Required action:
Every line of the material is to be returned verbatim. Pictures stay out.

Information supplied:
============================================================

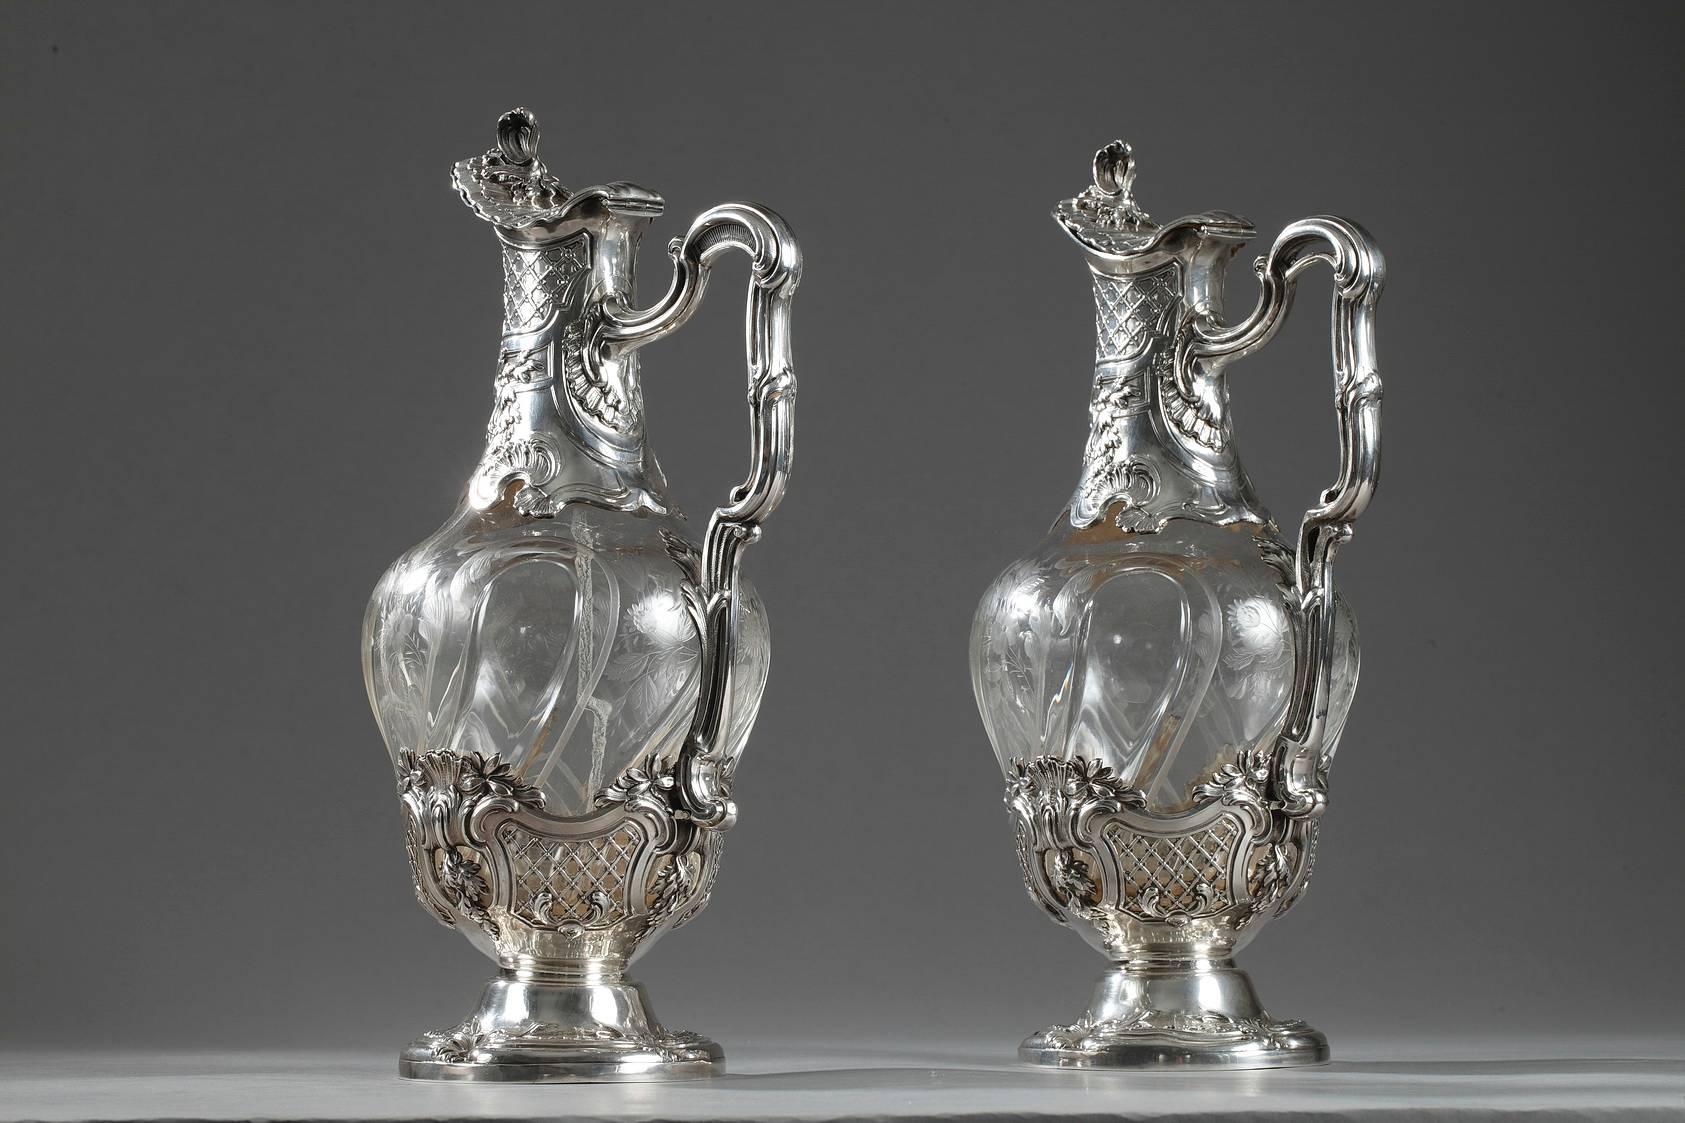 Pair of ewers made of cut crystal and set in silver mounts. The crystal body is engraved with wide curving grooves, flowers, and foliated branches. The silver neck and the base are decorated with sculpted latticework, shells, and foliage. The lid is
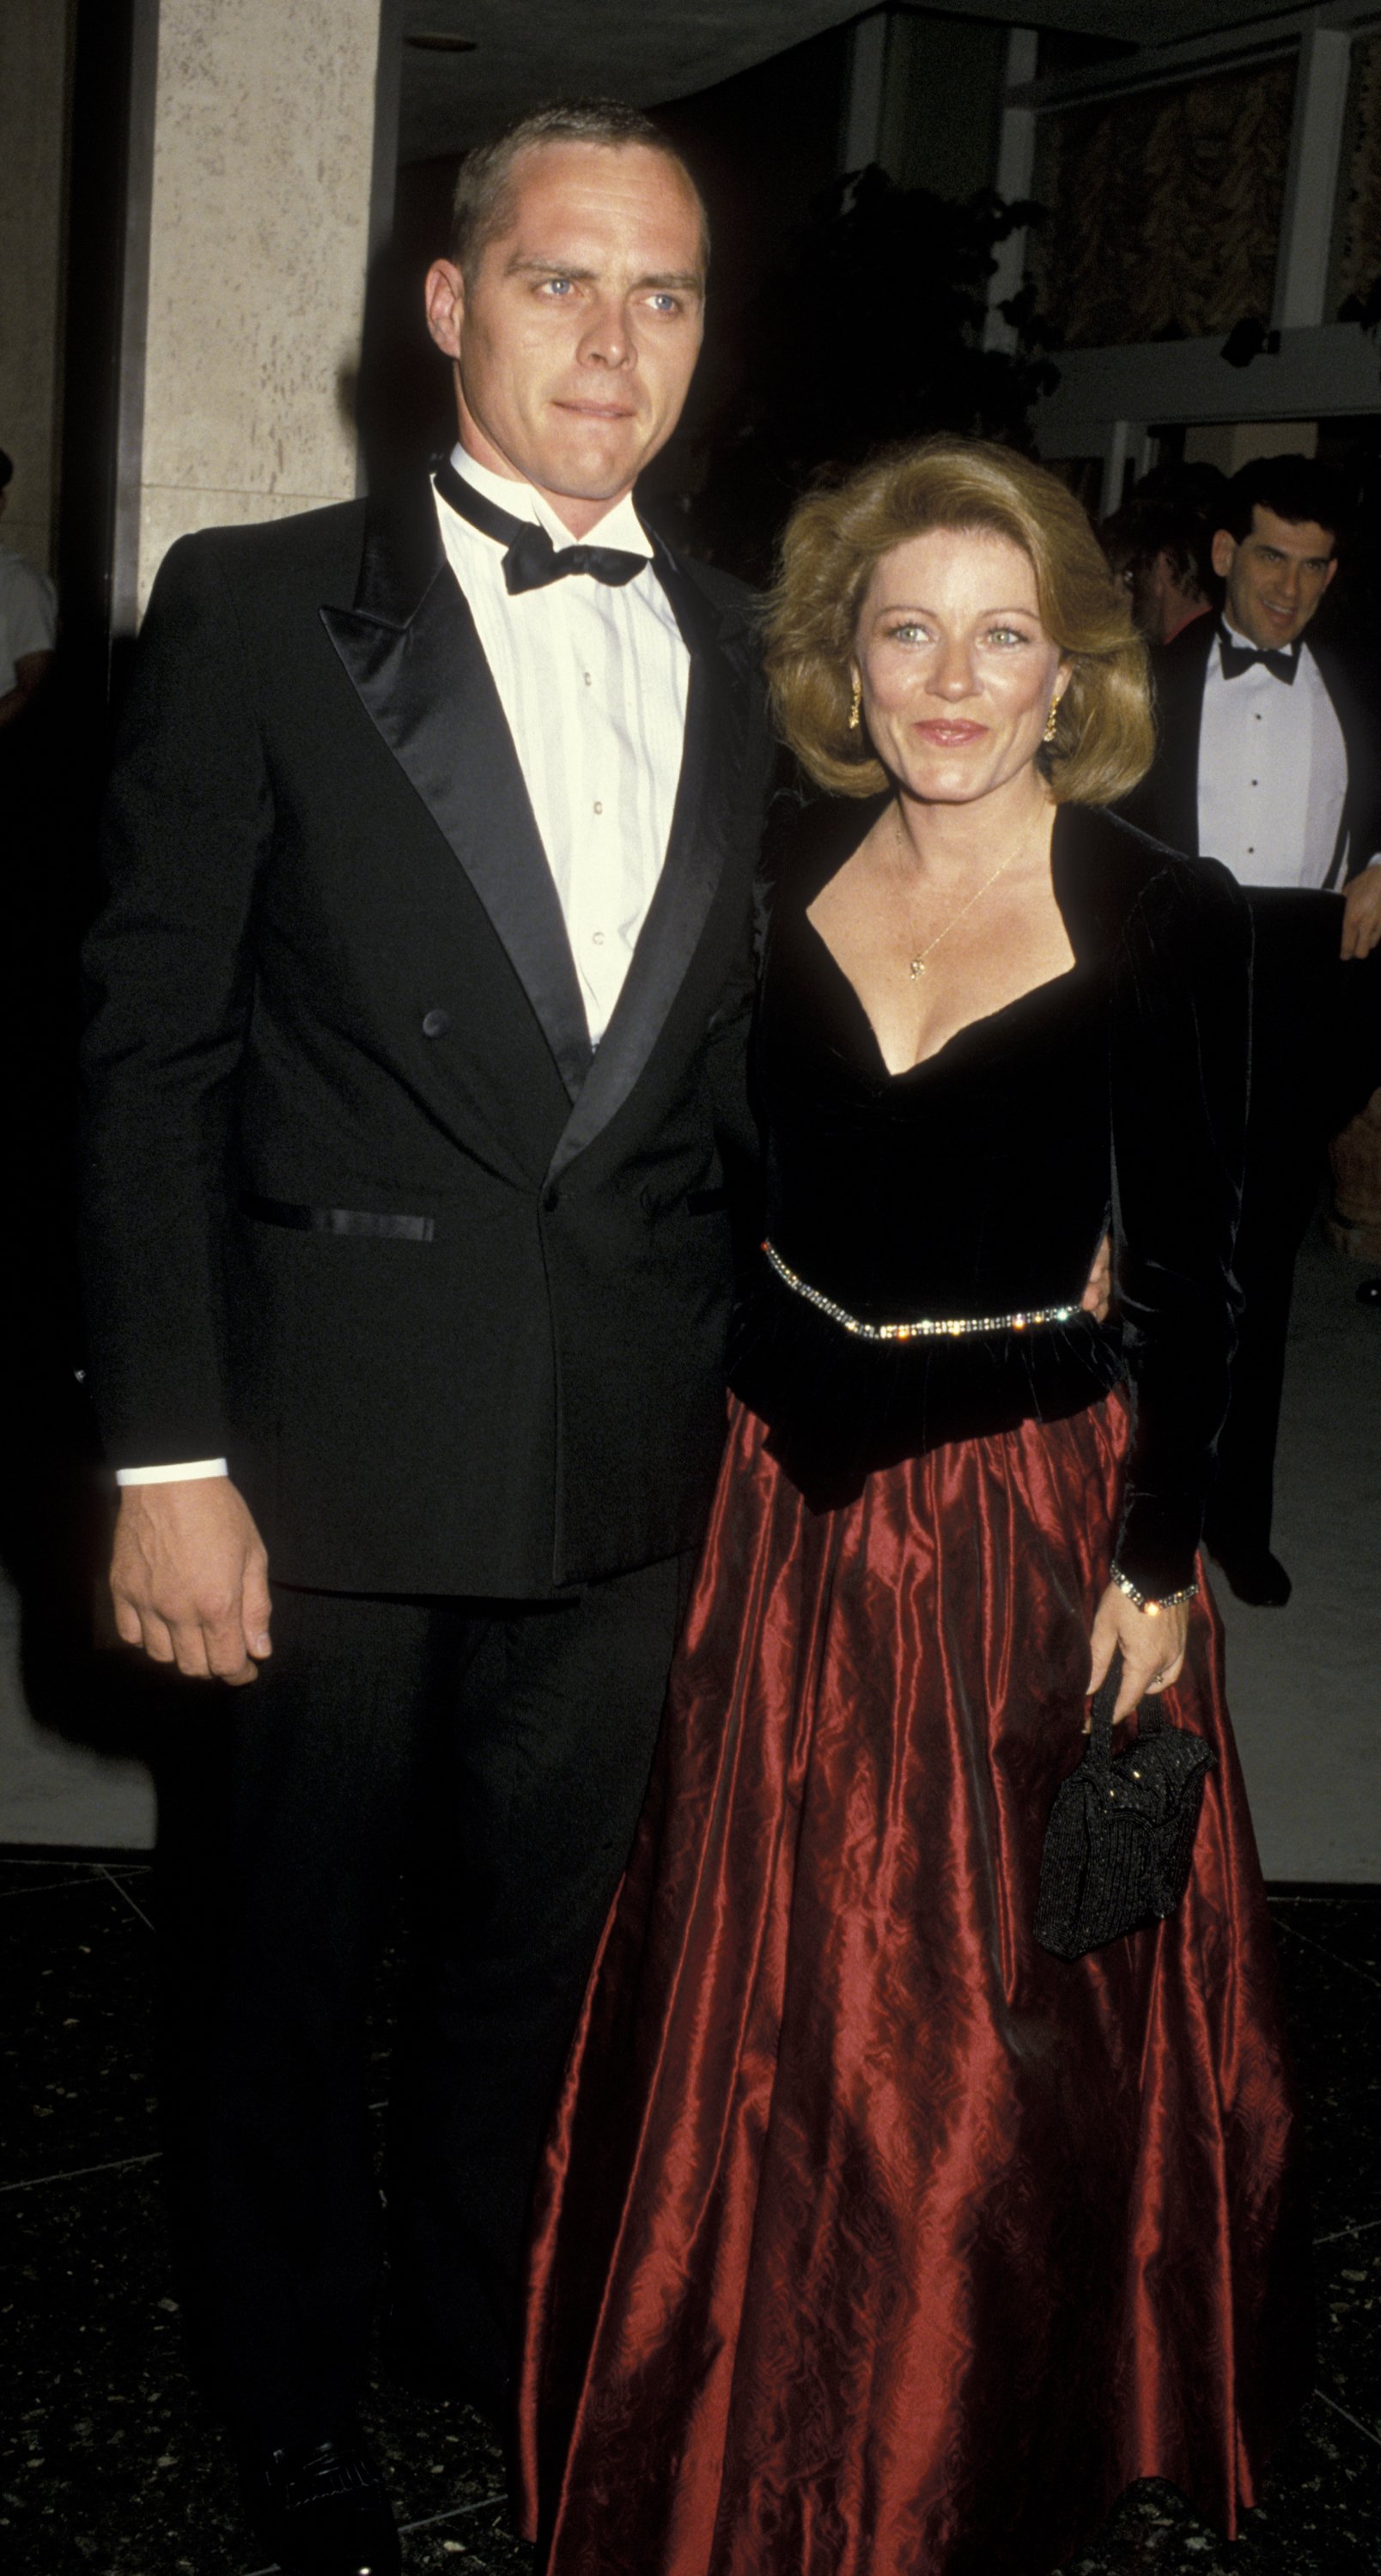 Patty Duke and Michael Pearce at the 43rd Annual Golden Globe Awards on January 24, 1986. | Source: Getty Images
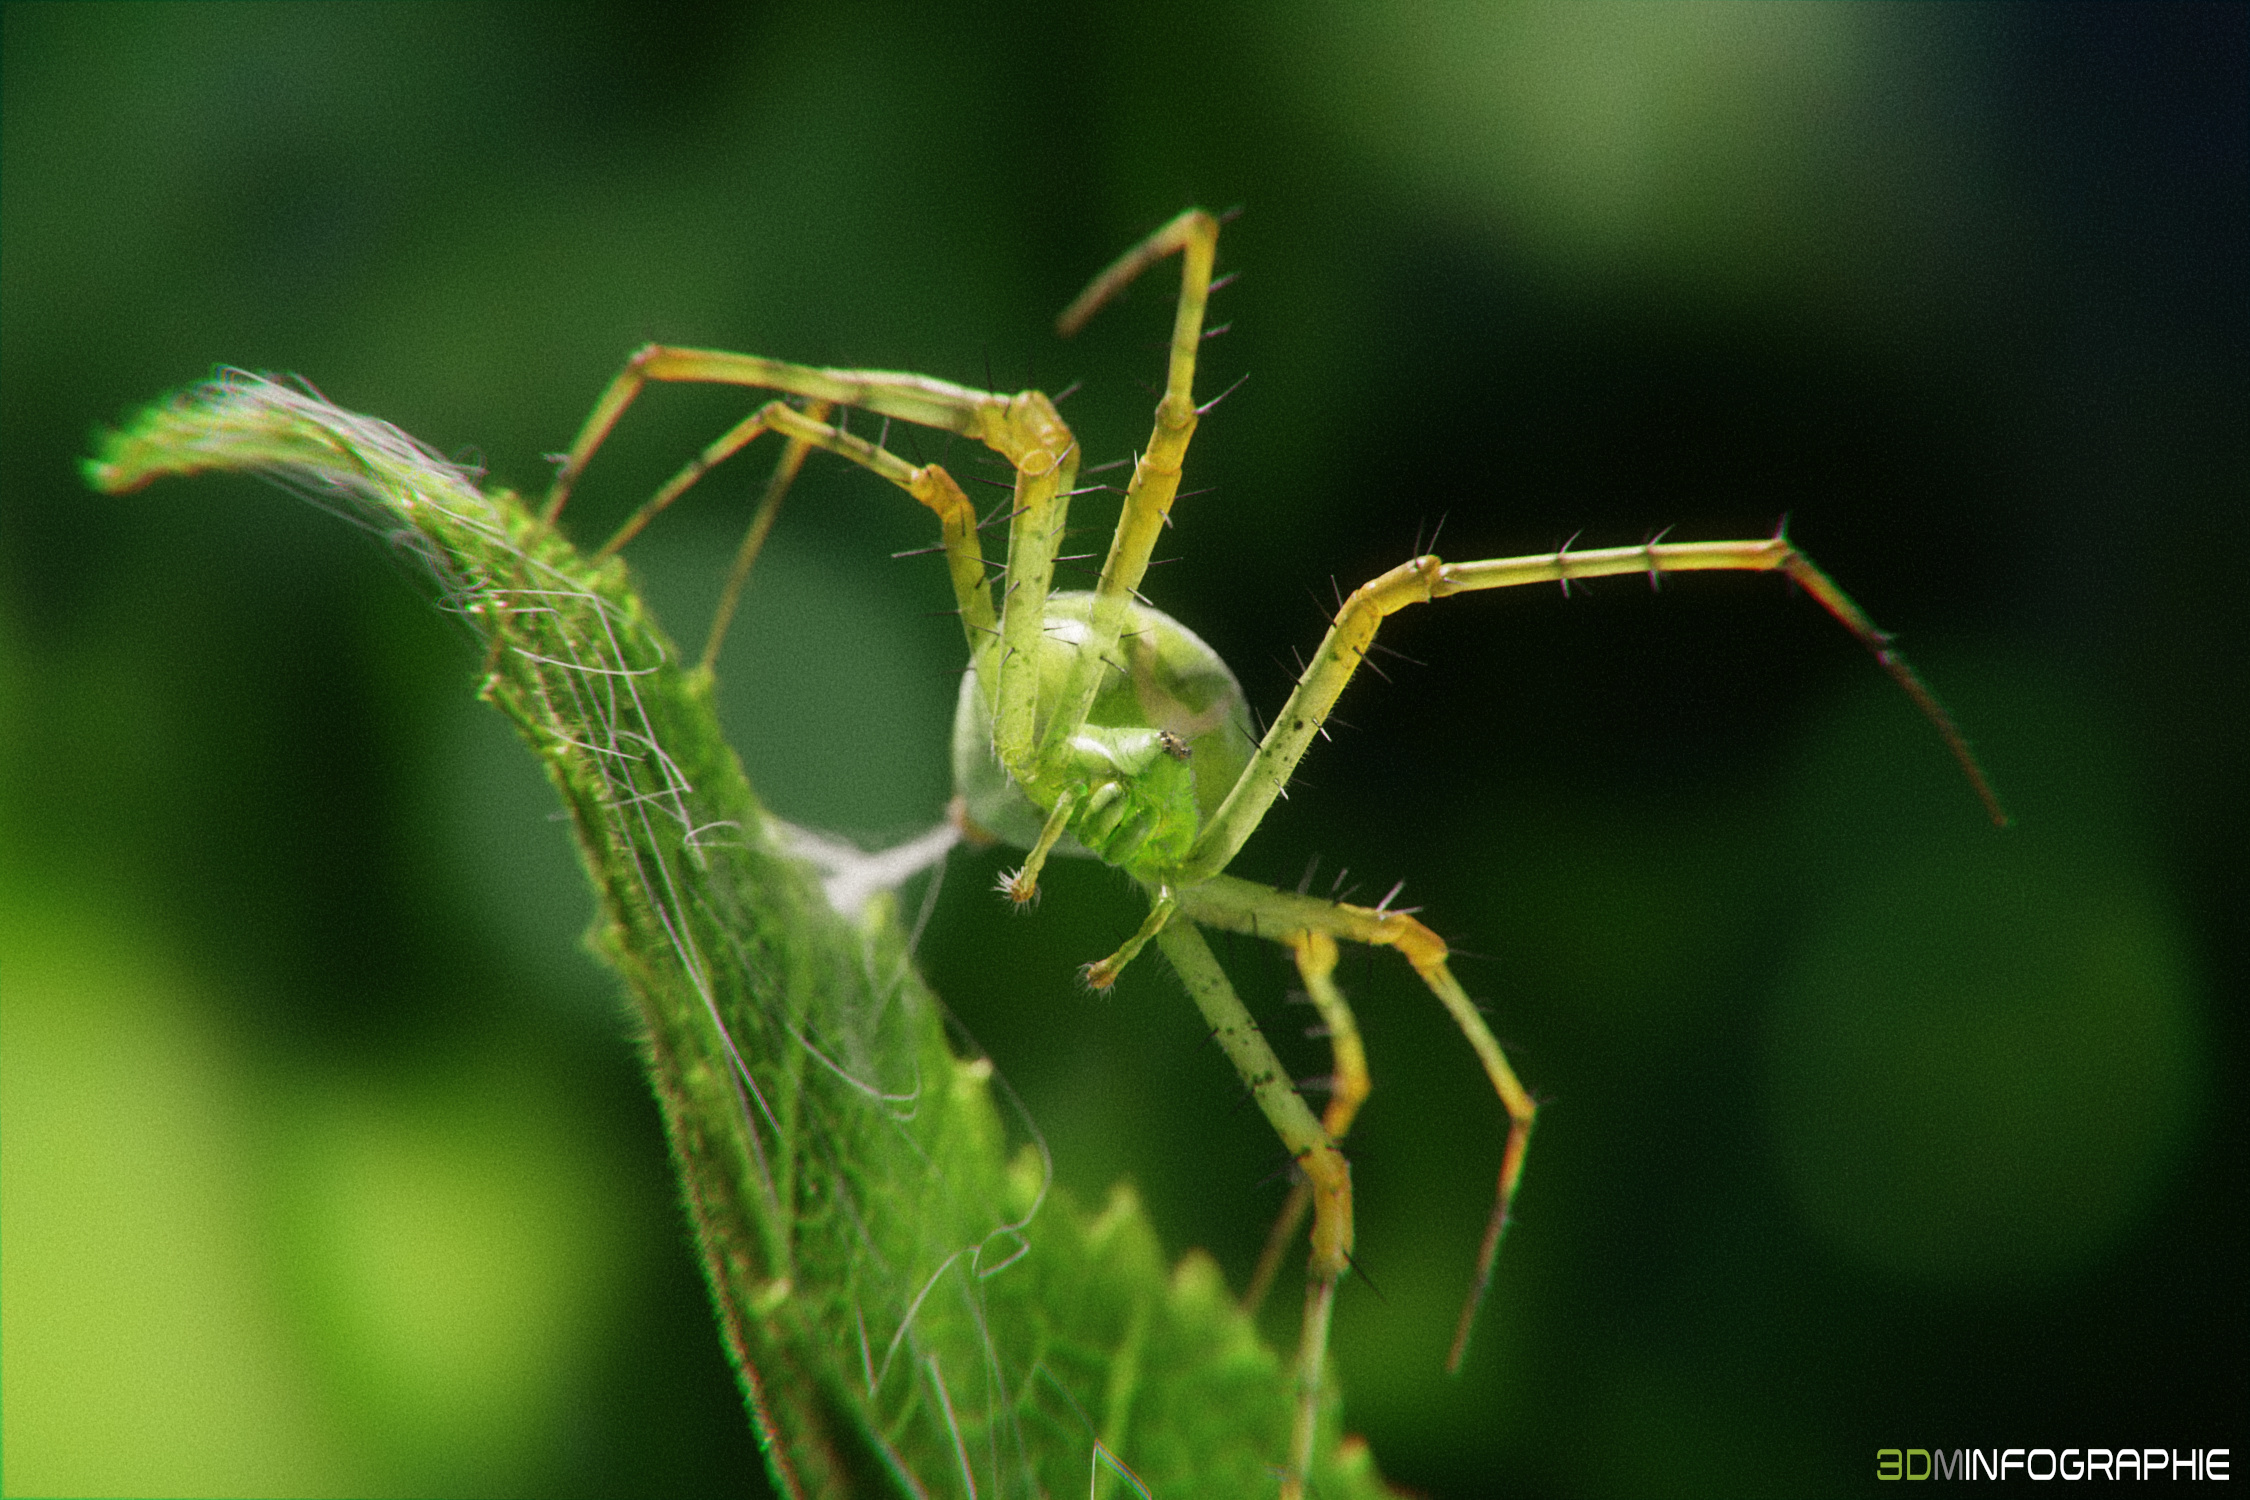 images/graphisme-3d/animaux/lynx_spider

============================================================

Task solution:
 Pair of ewers made of cut crystal and set in silver mounts. The crystal body is engraved with wide curving grooves, flowers, and foliated branches. The silver neck and the base are decorated with sculpted latticework, shells, and foliage. The lid is
 Patty Duke and Michael Pearce at the 43rd Annual Golden Globe Awards on January 24, 1986. | Source: Getty Images
 images/graphisme-3d/animaux/lynx_spider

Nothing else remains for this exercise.